Probably the most frequently asked question to the docs team at MySQL from the public is “I want to translate the manual into [insert language]”. That language can be anything from one we already have, through to some comparatively obscure suggestions.
We never summarily turn down an offer, but we do point out how big a job the process is. At over 1900 pages, the manual is no longer a small project, and where we have had translations completed, sometimes by professional translation outfits the process has taken months, and in one case over a year, to complete by a full time translation team. Even the dedicated MySQL enthusiast is going to struggle with achieving the same level of output.
Even if you could commit to a translation time of 6 months using a dedicated team, you have to keep in mind that any manual translated in this manner is not going to be up to date, for the simple reason that we make changes to the manual on a daily basis—there have been 127 changes in the last week, and some of those include more or less completely reintroduction or manipulation of the content for a chapter. It would be almost impossible to start complete translation unless the process was conducted on a very specific revision of the manual.
If the process is so difficult, why do we do it?
Well, cast your minds back a few weeks to a post I made a couple of weeks ago on translation (Foreign languages and documentation).
Reader stenone asked “Why bother translating at all?”
As an Englishman (albeit with an interest in other languages), I felt completely unable to answer that question, so instead I asked other members of MySQL to comment.
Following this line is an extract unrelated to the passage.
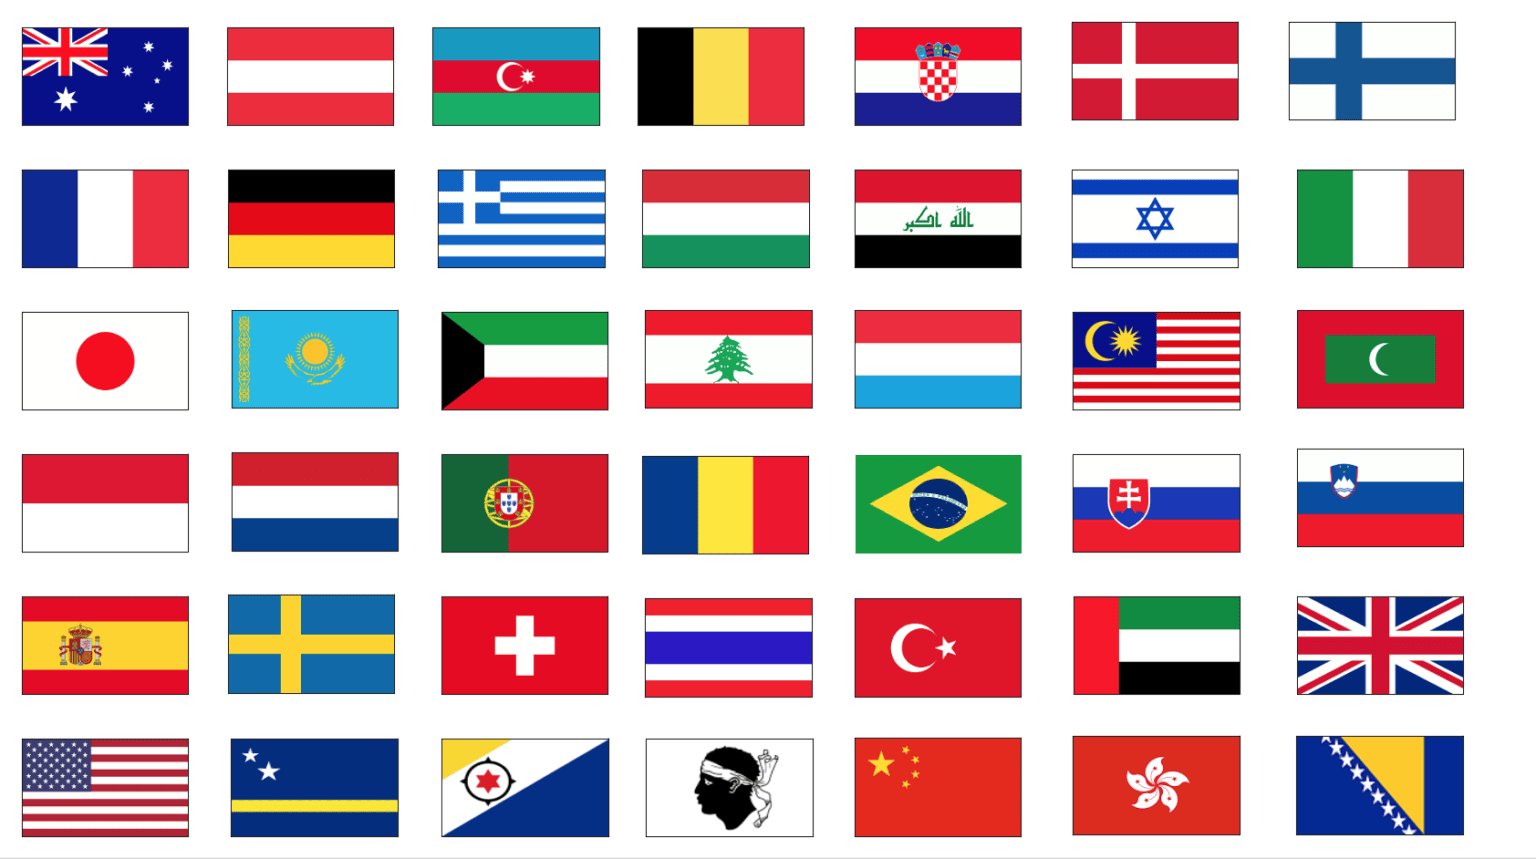 Une grille de différents drapeaux nationaux représentant différents pays du monde, affichés dans un tableau coloré.

The majority of staff at MySQL are not English, American or Australian, and those of us who would count English as our first language are in a minority, rather than a majority, so the question and audience were well matched.
I got a lot of good responses (thanks team!), and many of them resolved down to “we want to provide the documentation in a format that makes it readable for our customers”. That sort of answers the question—we are customer focused, and if the customers say they want a German version of the manual, we should be willing to offer that, but I still don’t think it addresses the original query.
Other suggestions were along the lines of “for our customers to use our products, they need to be able to understand how to use them”. This response is closer to the answer I was expecting. We cannot expect our users to learn English just so that they can read the manual and in turn use our product. System requirements are one thing, but having user requirements of this magnitude is hardly the way to encourage good customer relations!
We Brits have a bad track record on languages as a rule, and it’s a running joke that our attempts to speak a foreign language generally simplify down to speaking L-O-U-D-L-Y A-N-D S-L-O-W-L-Y on the basis that “Johnny Foreigner” will understand what we are saying. Apply that to a manual and we’d be approaching 5000 pages :)
In the end I think it comes down to a simple case of understanding. Imagine if MySQL, as a Swedish company, only provided their manual in Swedish?
Would it be as popular as it is now? Would MySQL have led to a massive effort around the world as people strive to learn the Swedish language, just so that we could all use MySQL in our projects?
I doubt it.
Instead, we’d all be walking around saying “Jag kan inte tala svenska”. Or we’d spend most of our time muttering “Jag förstår inte” under our collective breath while reading the manual, and probably not because of the technical content.
If you don’t understand those two phrases, then imagine how it would feel to read an entire manual!
Translations are, and will continue to be, the best way to reach the large numbers of MySQL users who do not speak English and either are unable or do not want to learn.